EXERCISE DIRECTIONS
All of the data below is to be repeated exactly, except for the pictures.

DATASET CONTENT

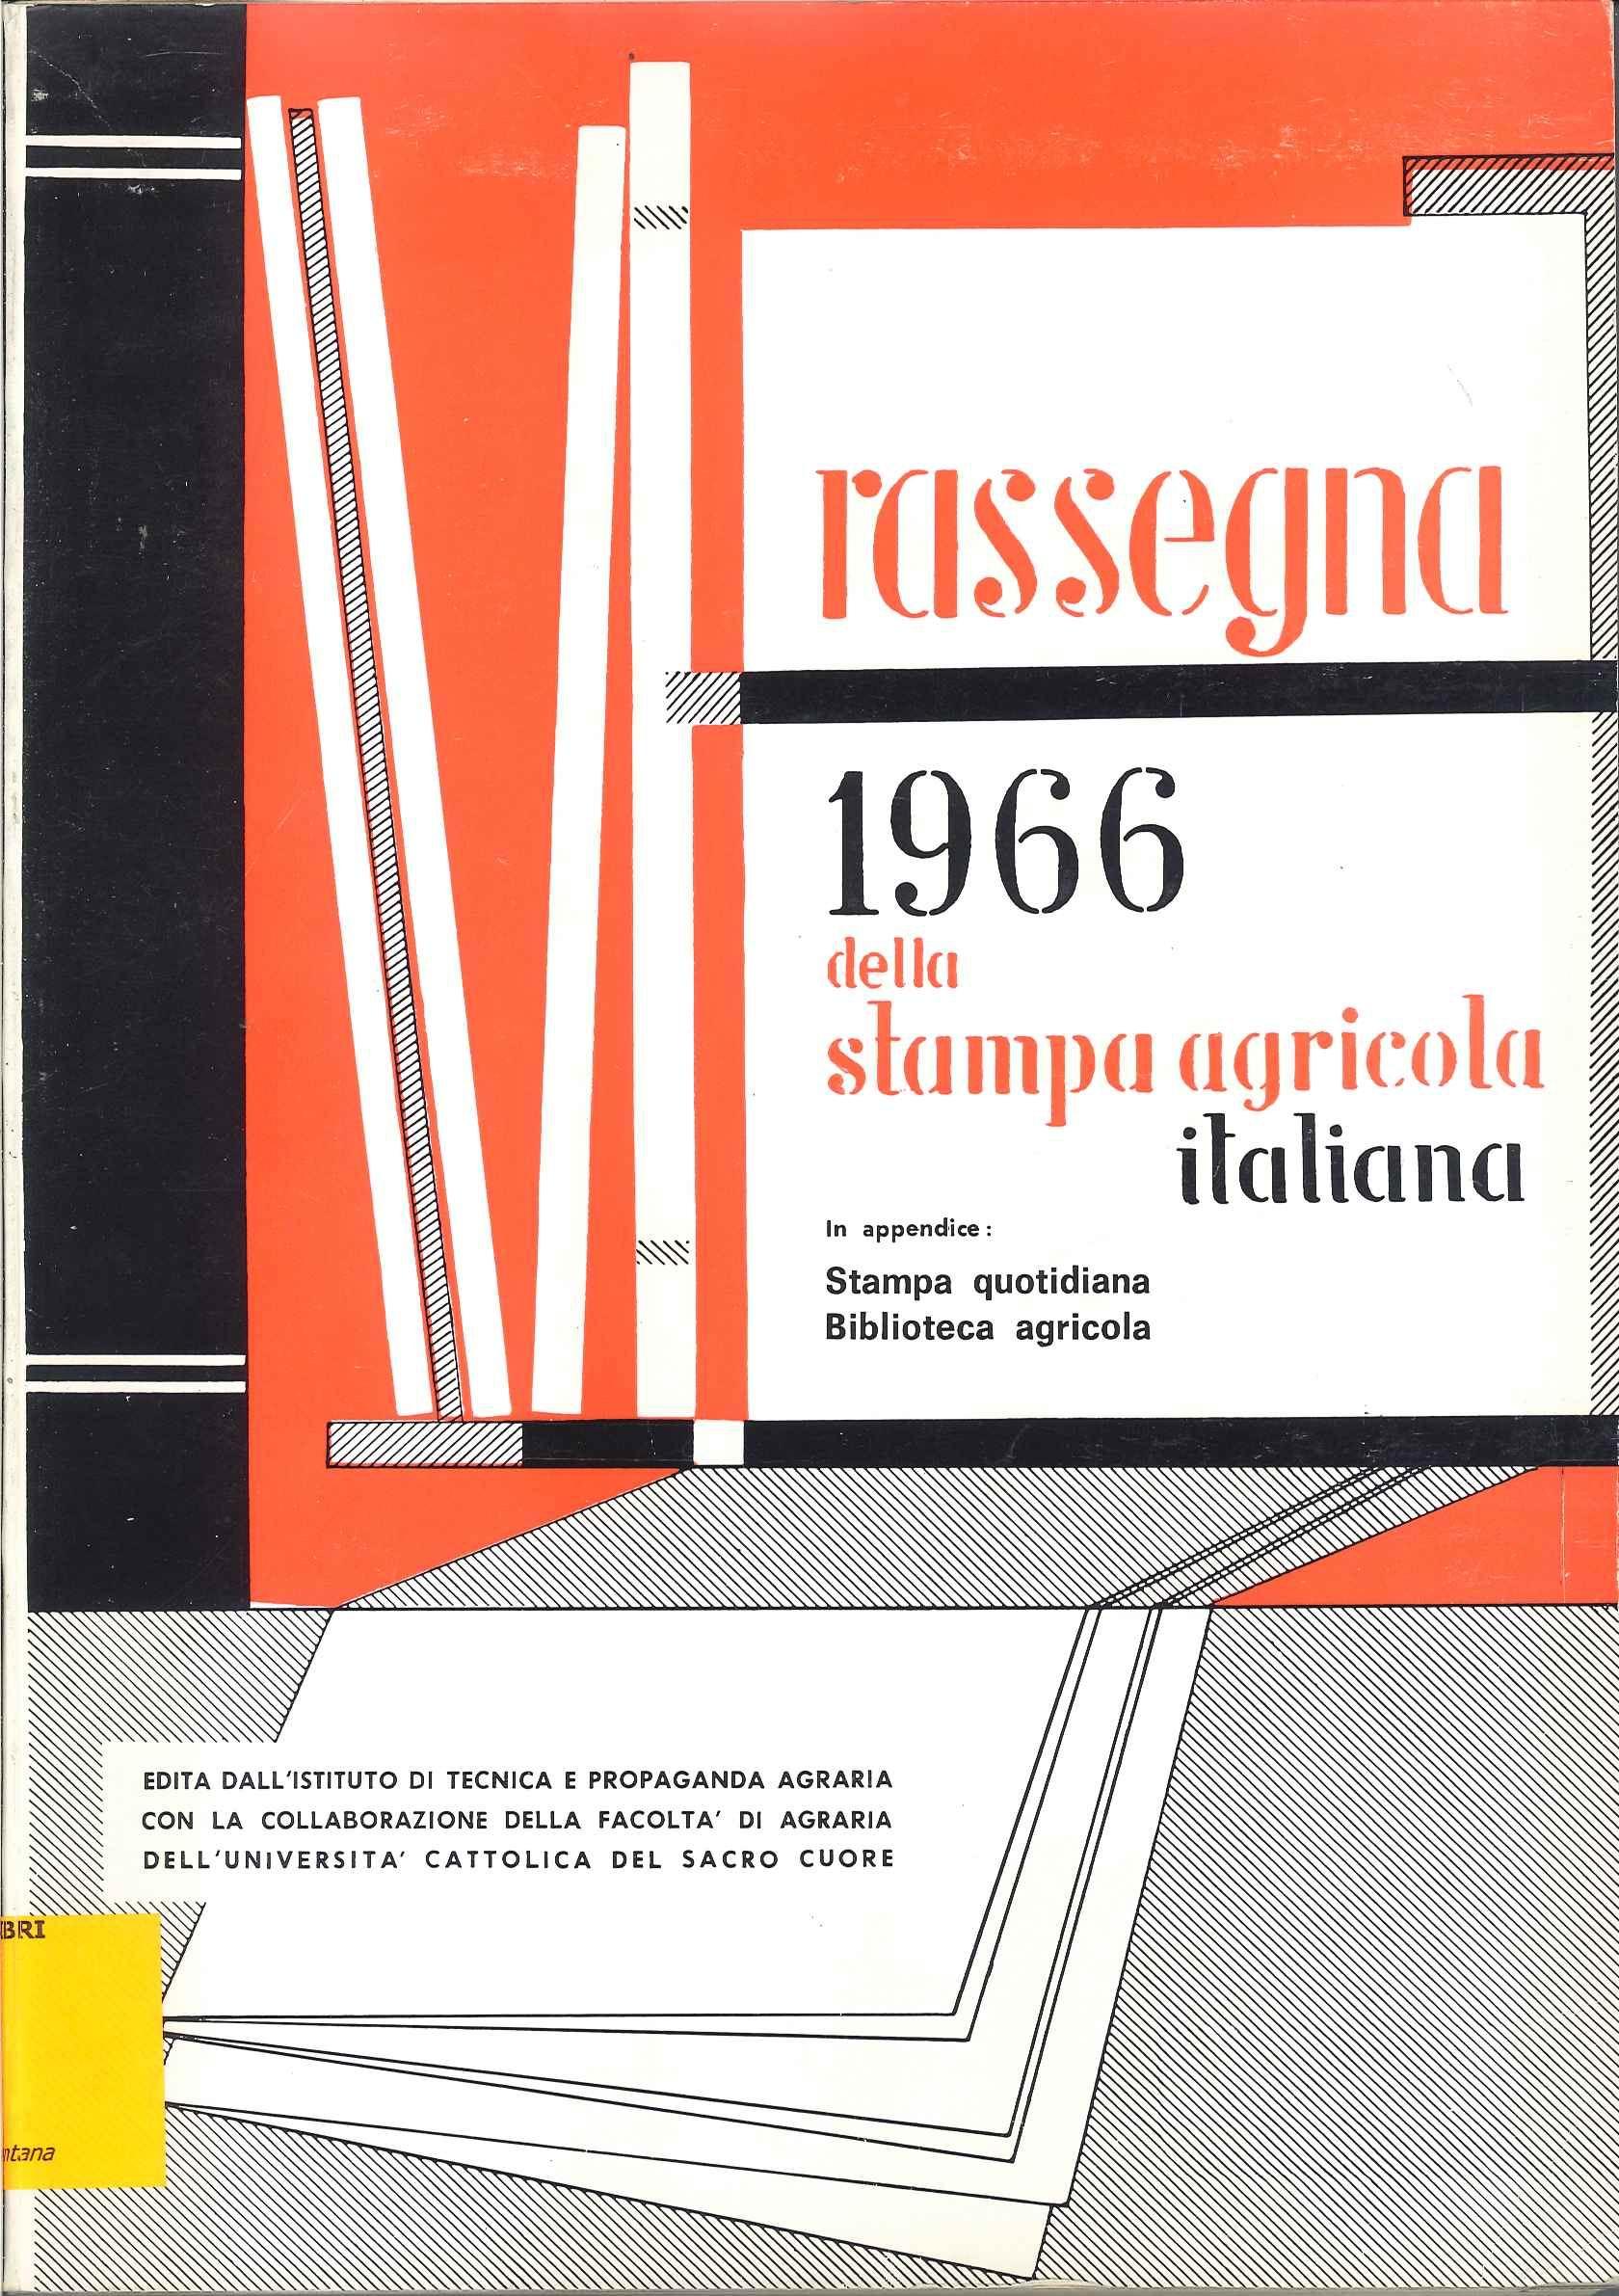 Rassegna 1966 della stampa agricola italiana
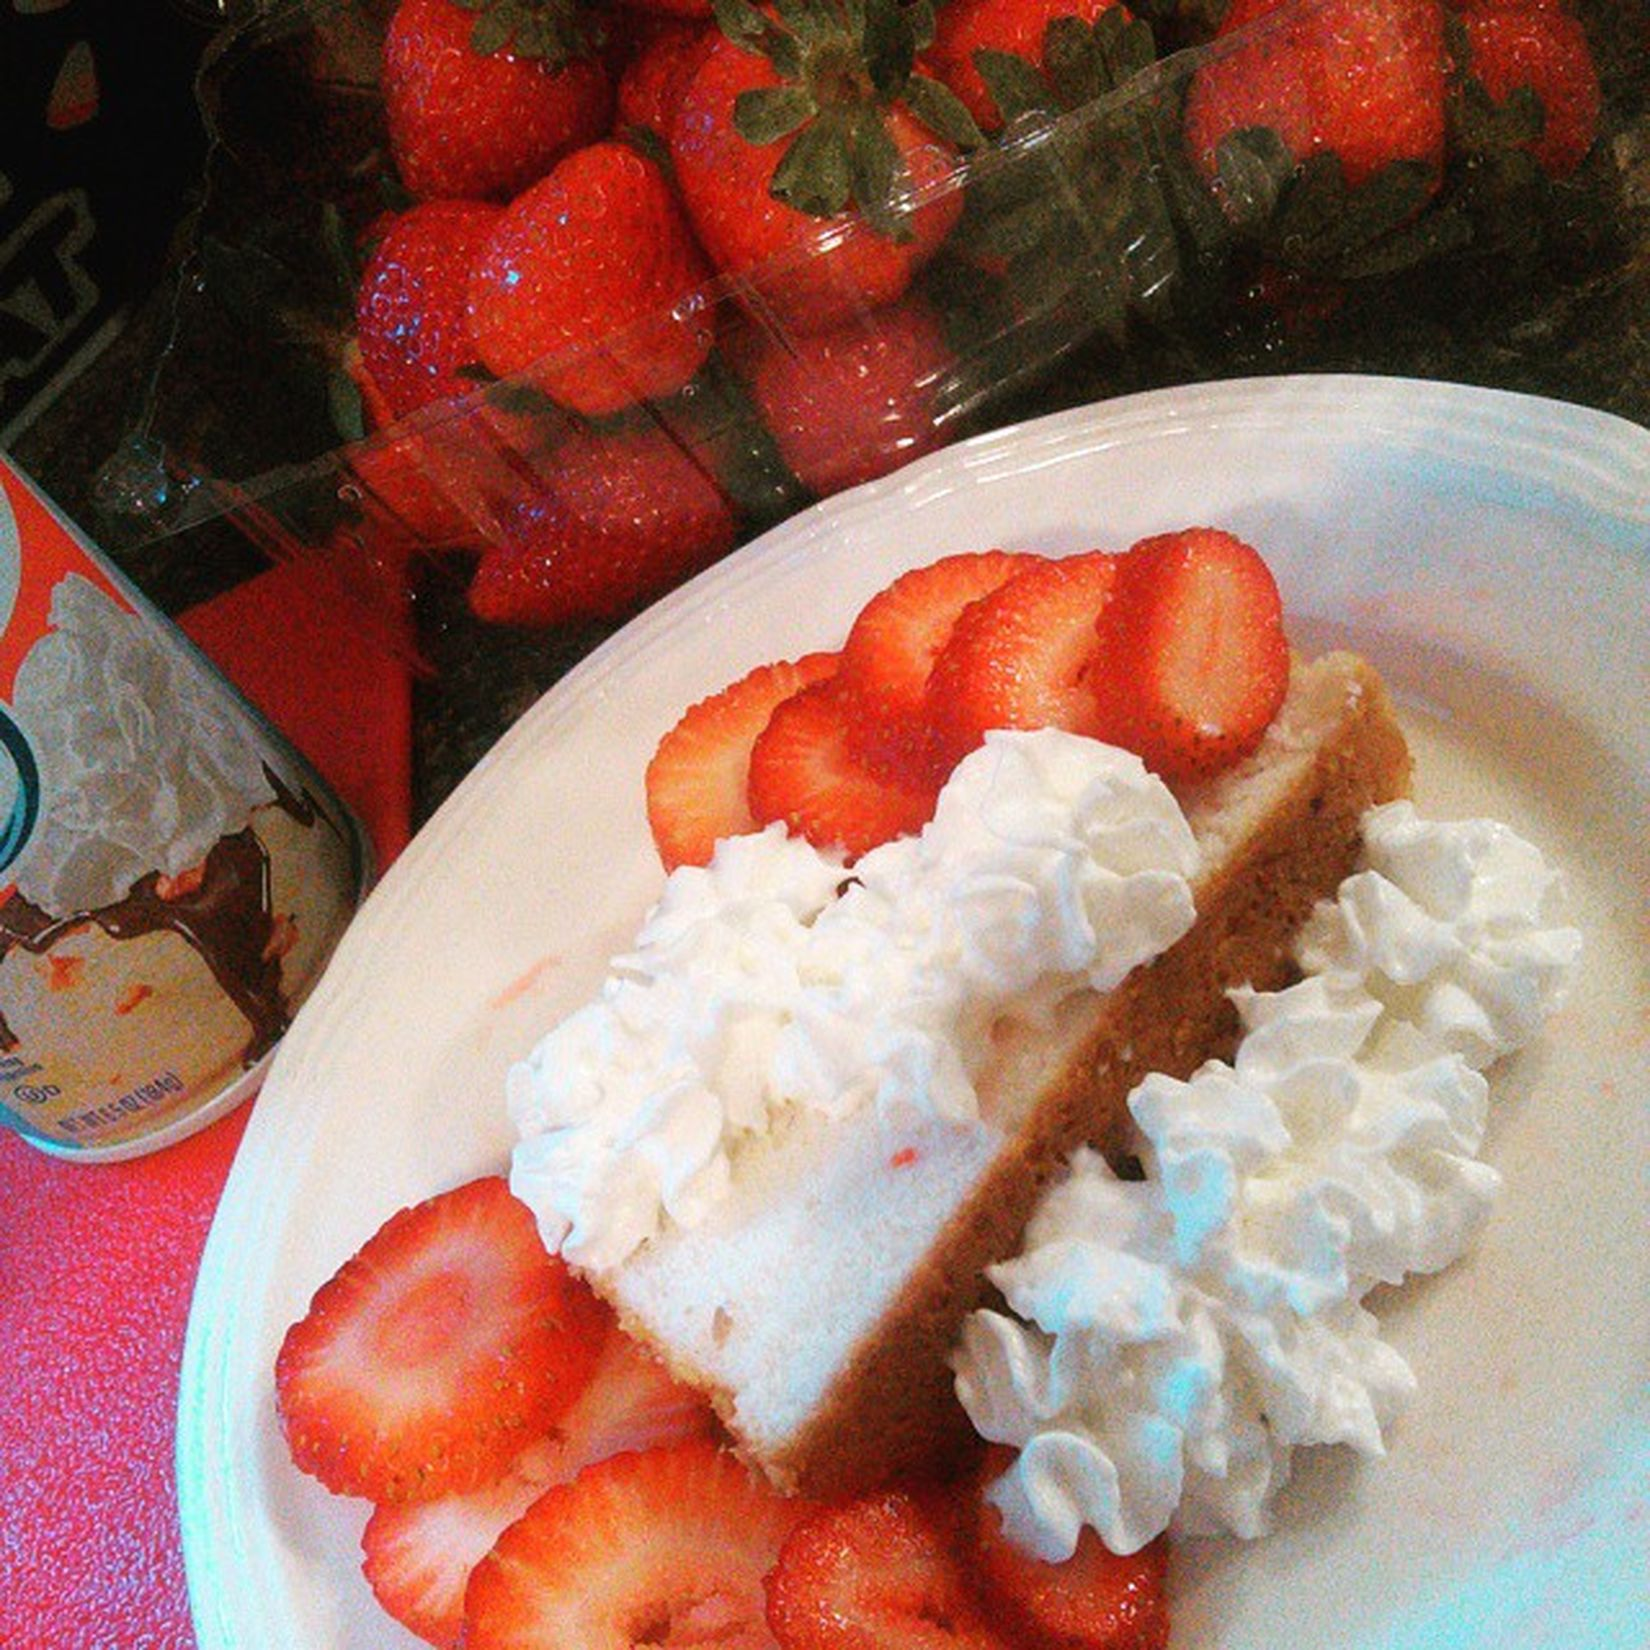 Strawberries Straberryshortcake Ilovefruittomuch Lol
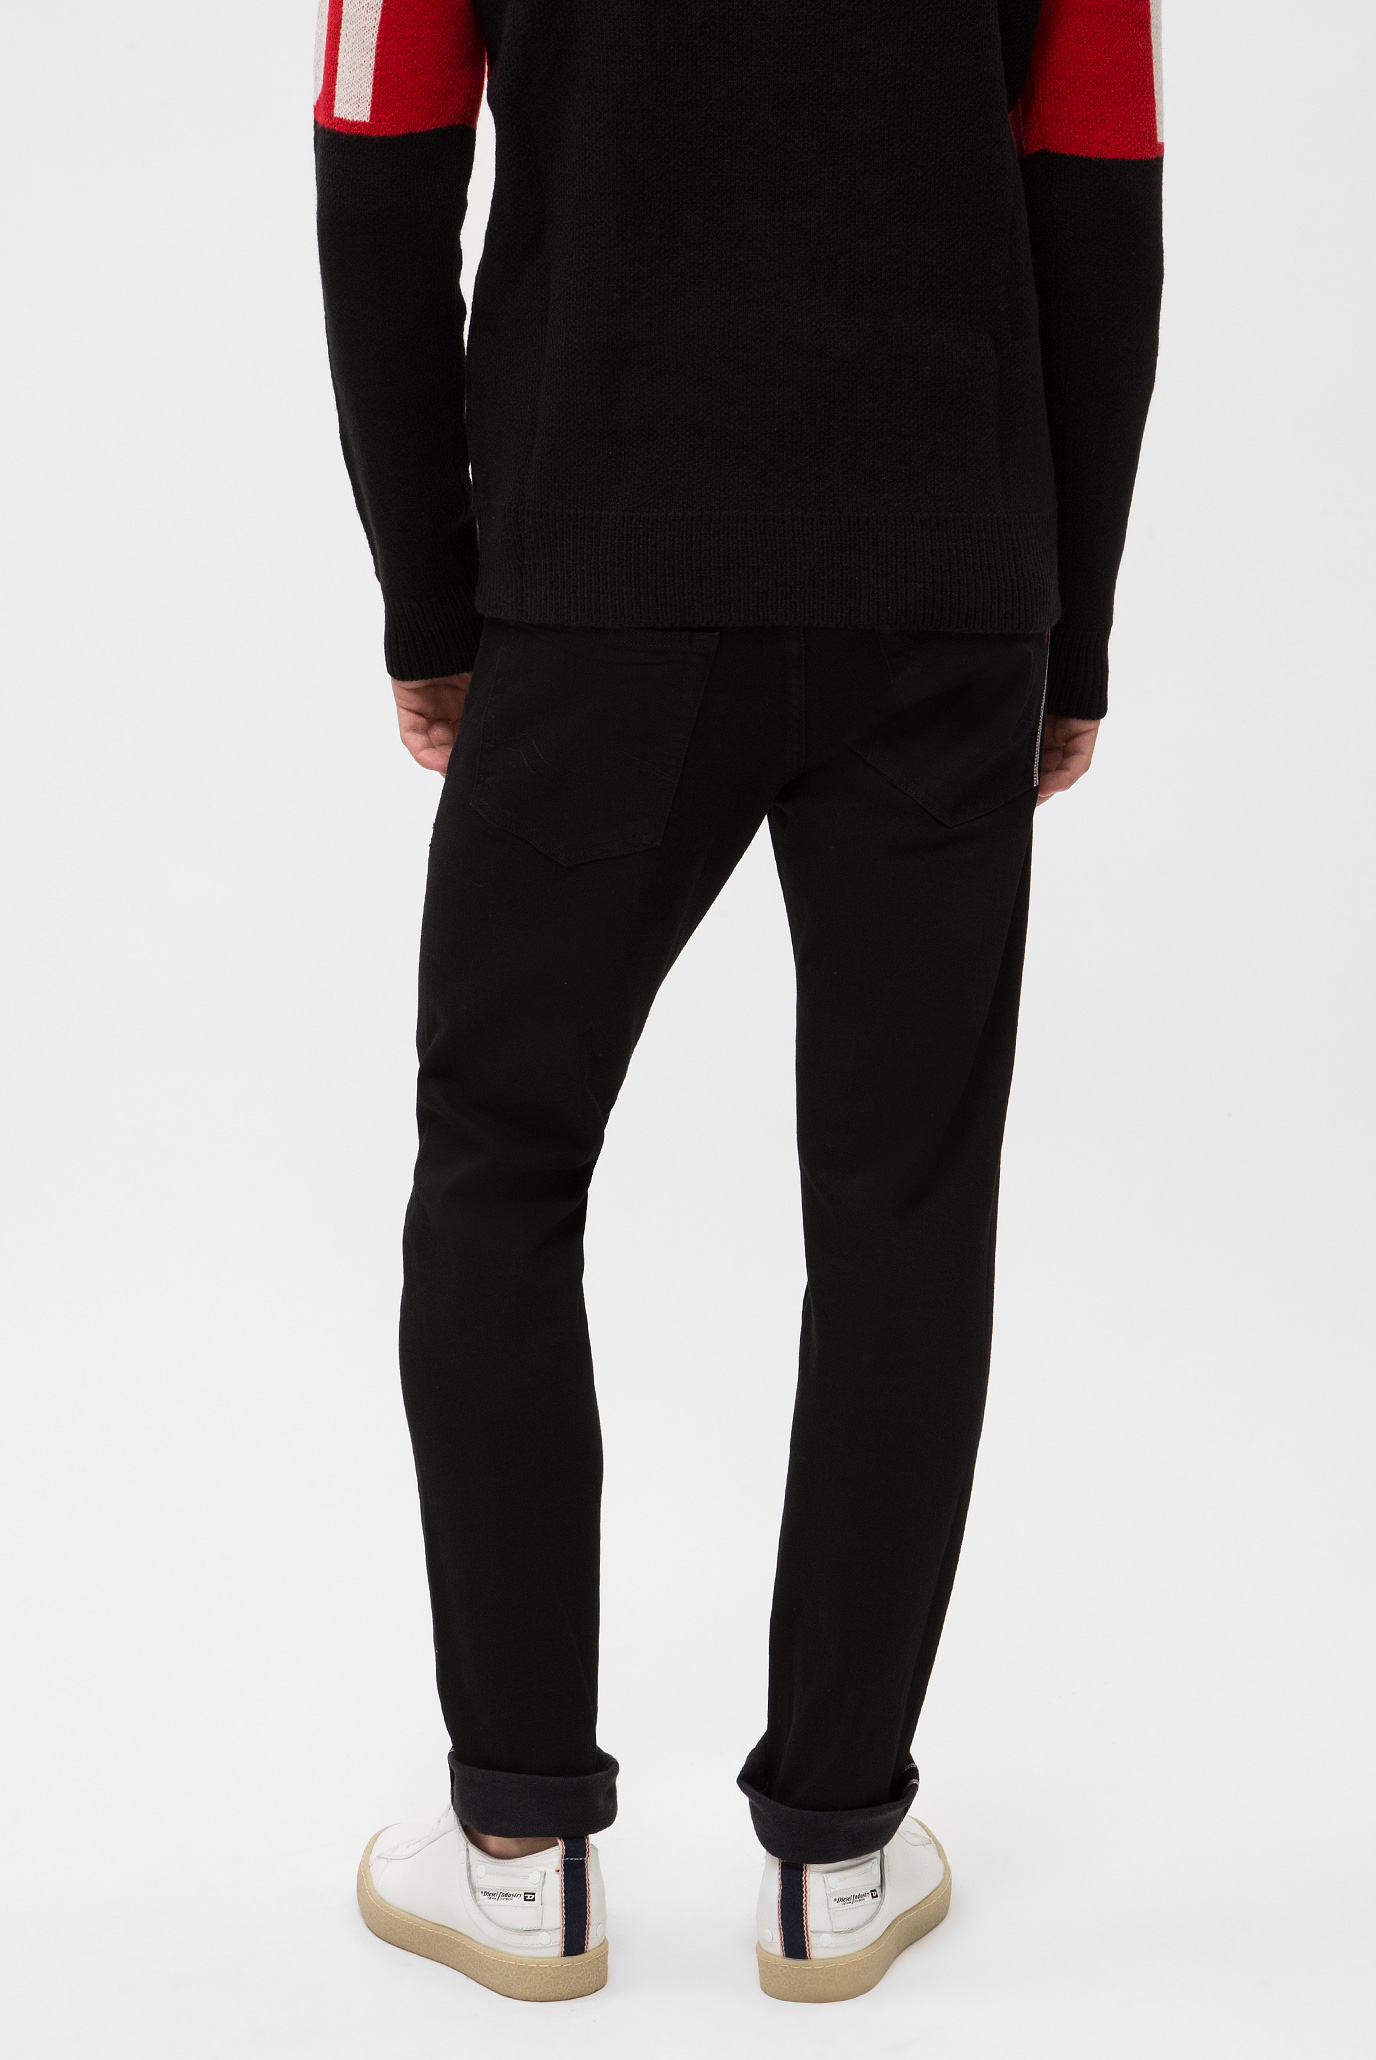 Купить Мужские черные джинсы GROVER Replay Replay MCA972.000.109 303 – Киев, Украина. Цены в интернет магазине MD Fashion

REPLY TO THE EXERCISE
 Rassegna 1966 della stampa agricola italiana
 Strawberries Straberryshortcake Ilovefruittomuch Lol
 Купить Мужские черные джинсы GROVER Replay Replay MCA972.000.109 303 – Киев, Украина. Цены в интернет магазине MD Fashion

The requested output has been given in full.